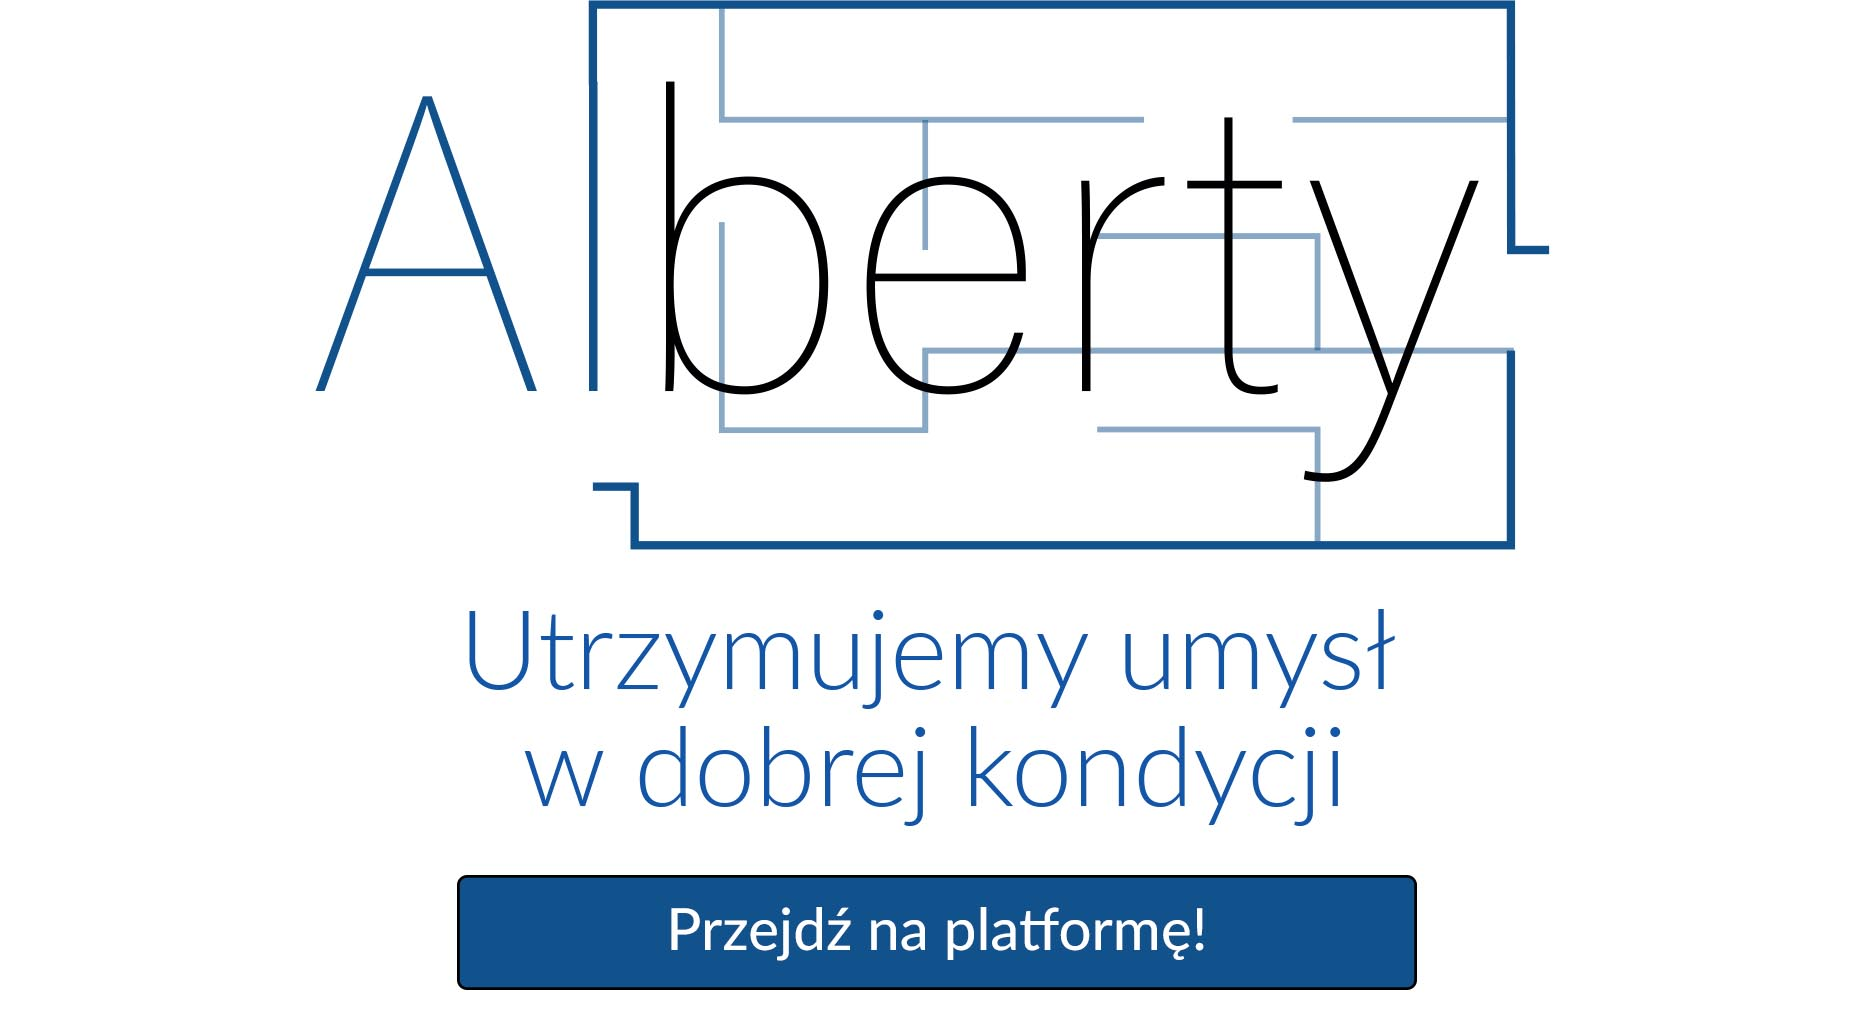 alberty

...

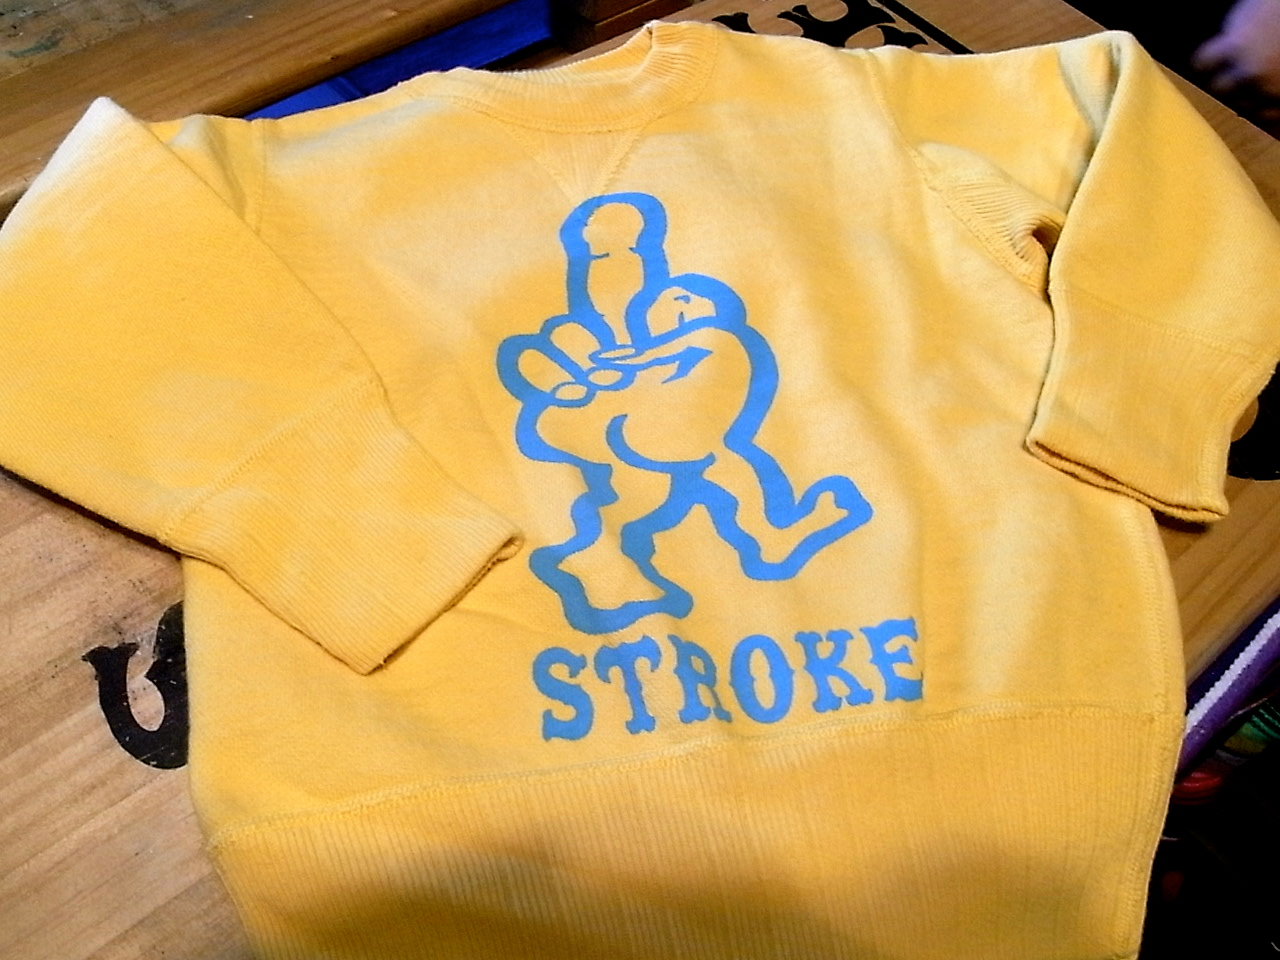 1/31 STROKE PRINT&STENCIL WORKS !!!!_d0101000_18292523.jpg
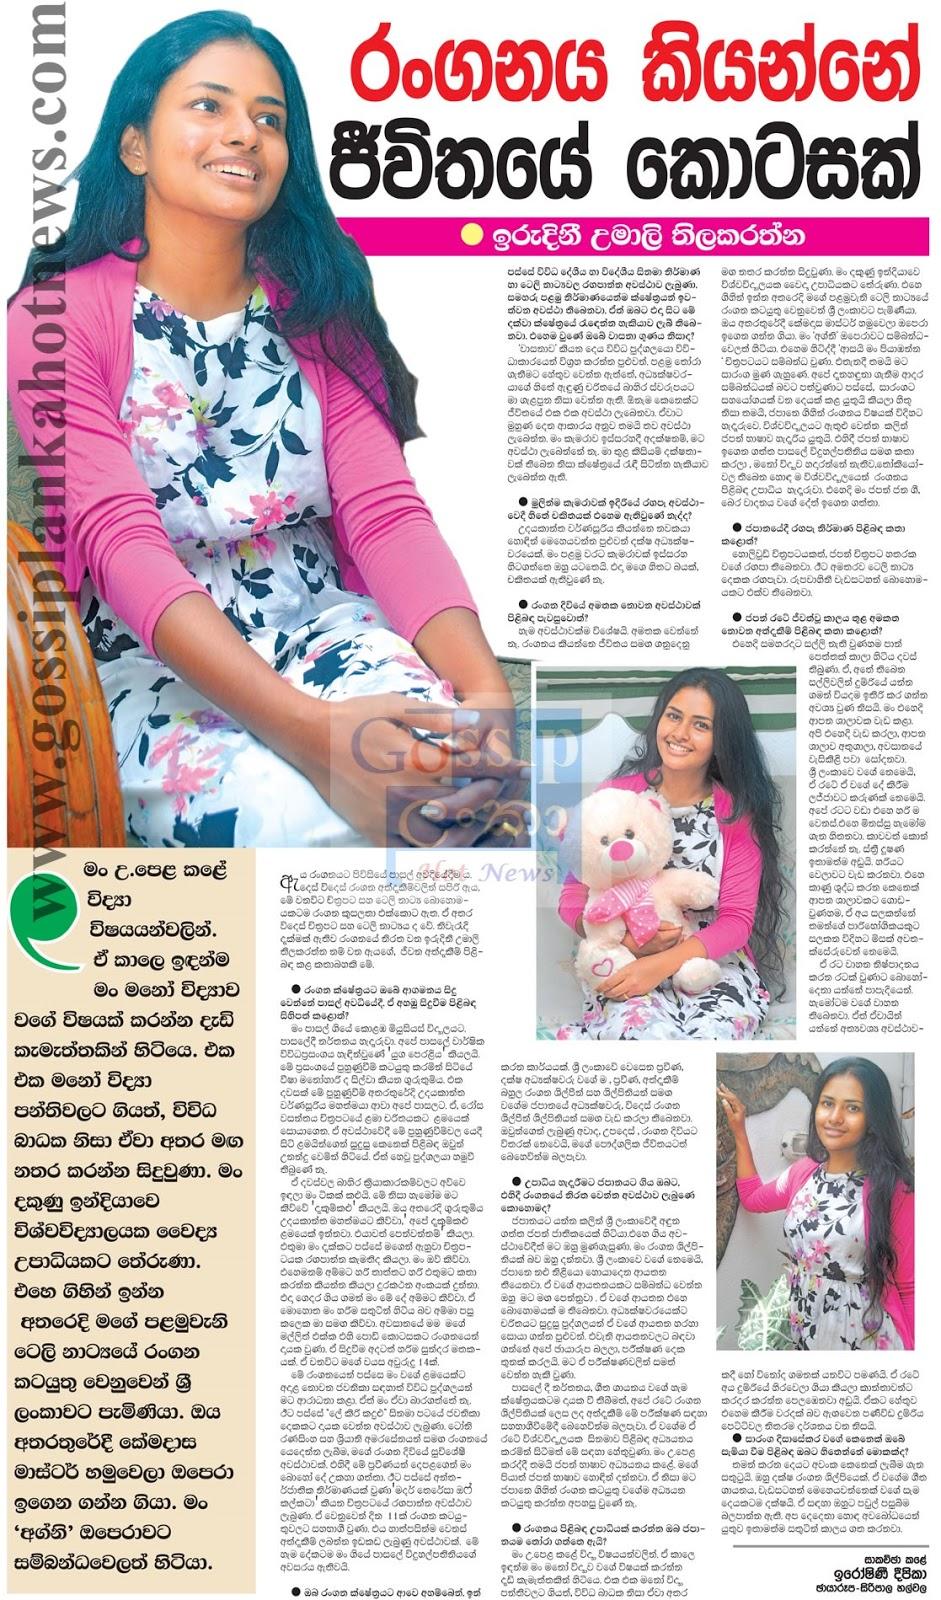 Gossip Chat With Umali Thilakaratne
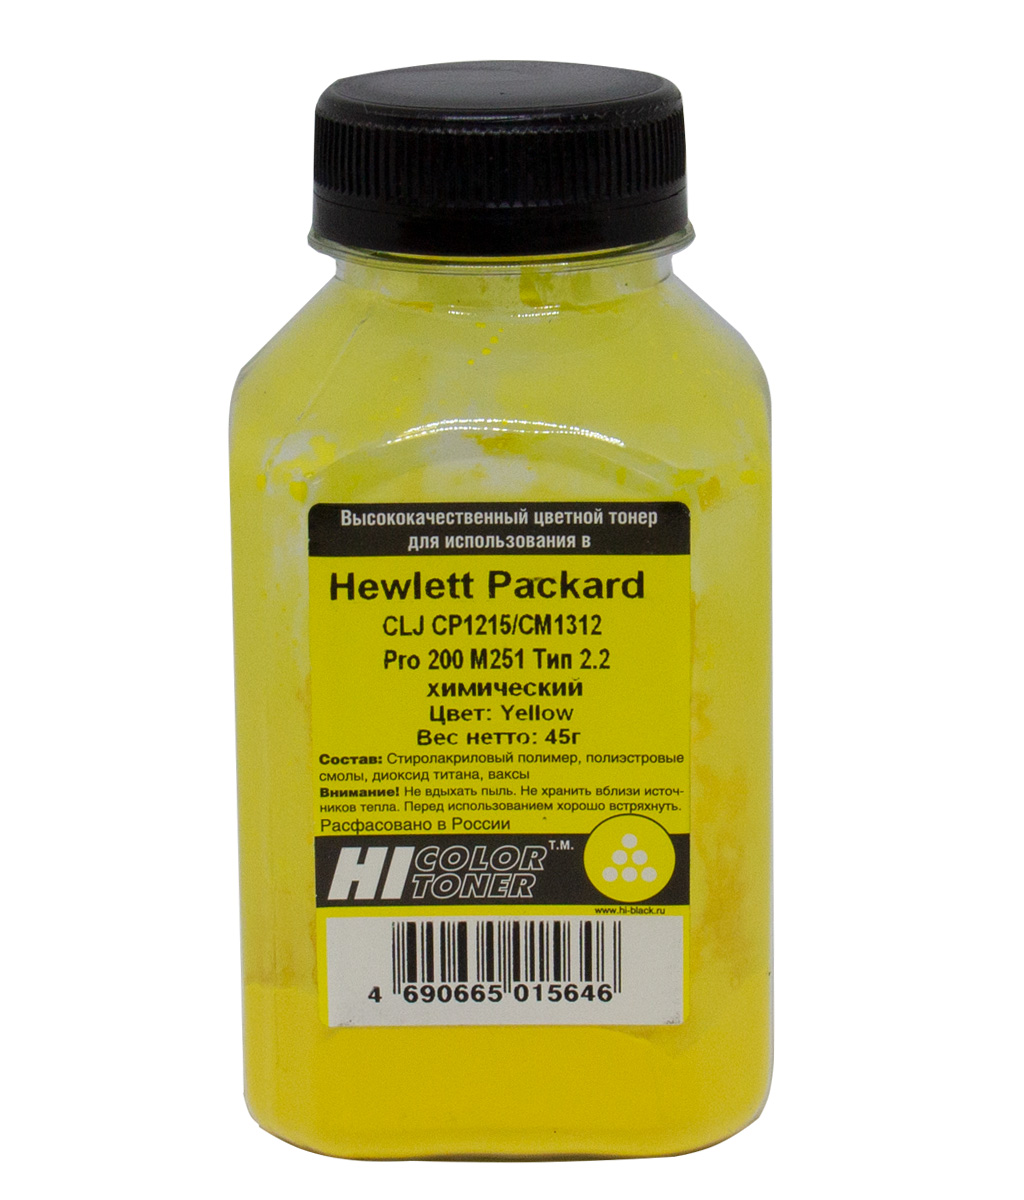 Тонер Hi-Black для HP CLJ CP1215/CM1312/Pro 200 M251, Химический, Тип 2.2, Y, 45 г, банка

---

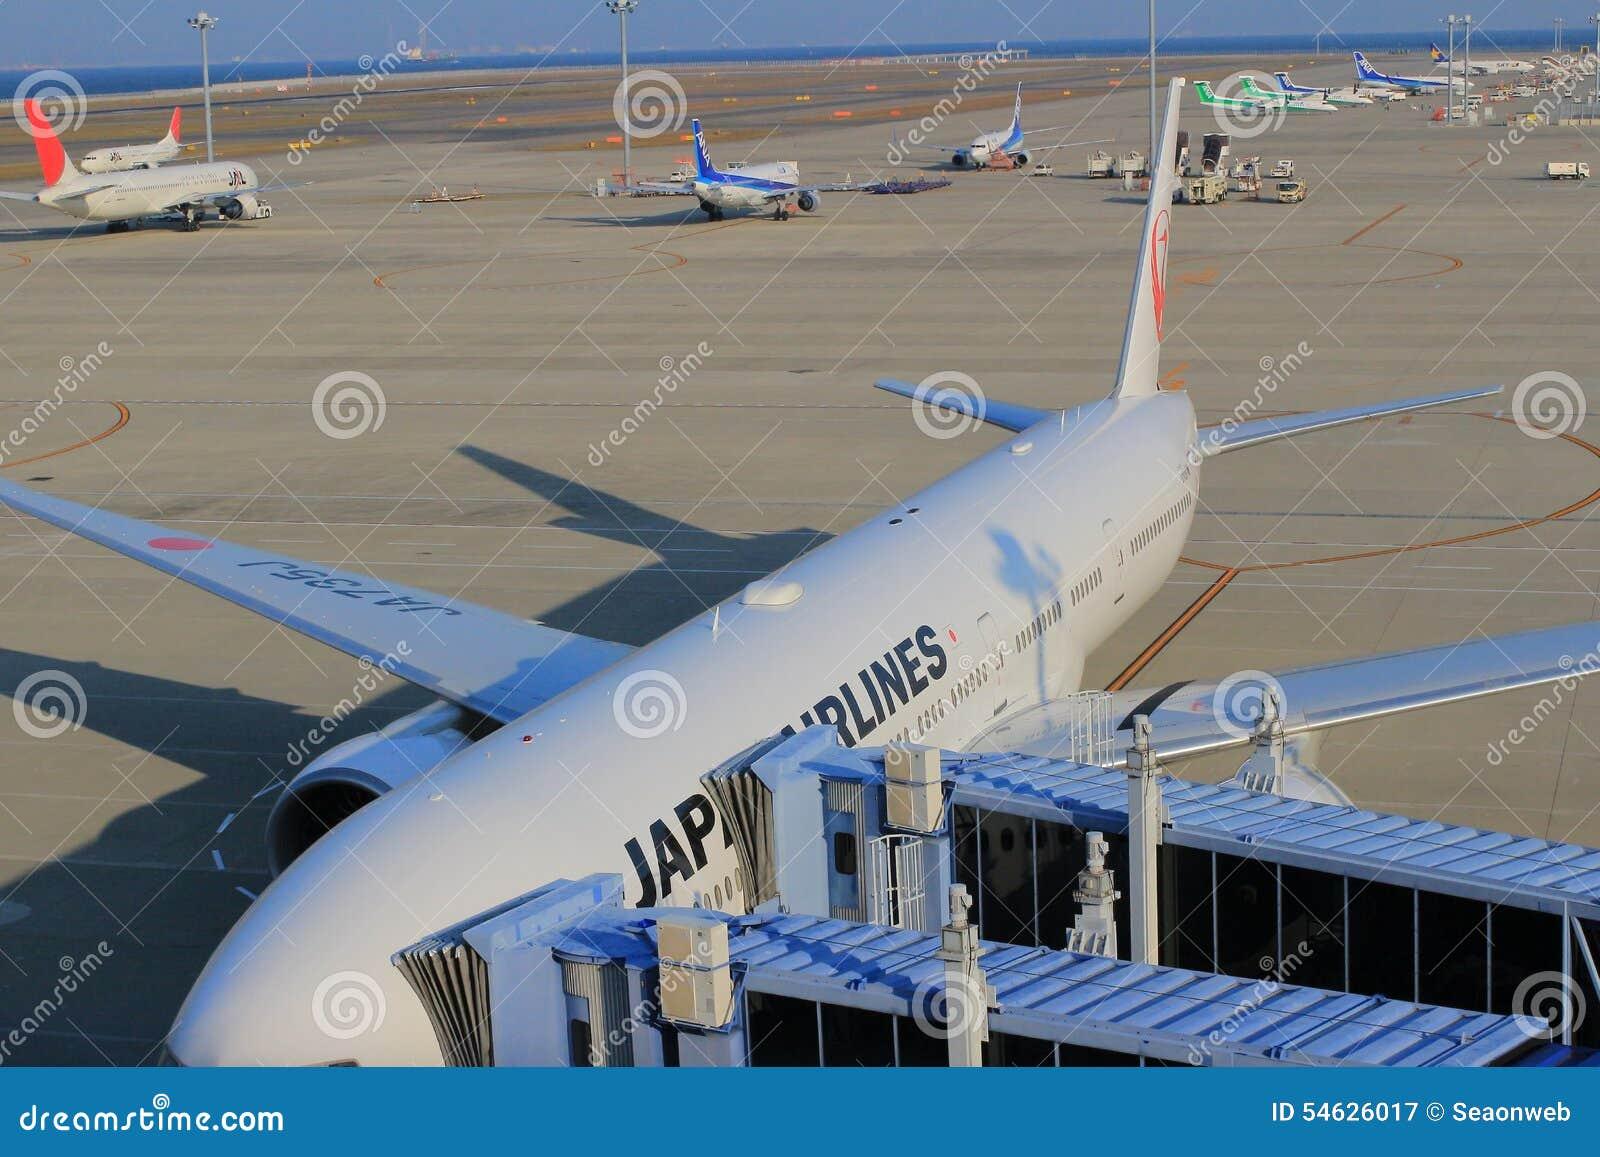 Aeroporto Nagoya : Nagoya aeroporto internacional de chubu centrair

WHAT IS EXPECTED: In the records above, everything from the line with "Gossip Chat With Umali Thilakaratne" down to the line with "Тонер Hi-Black для" is to be set down exactly, both ends included, with no pictures and no other lines.

EXERCISE RESPONSE:
 Gossip Chat With Umali Thilakaratne
 Тонер Hi-Black для HP CLJ CP1215/CM1312/Pro 200 M251, Химический, Тип 2.2, Y, 45 г, банка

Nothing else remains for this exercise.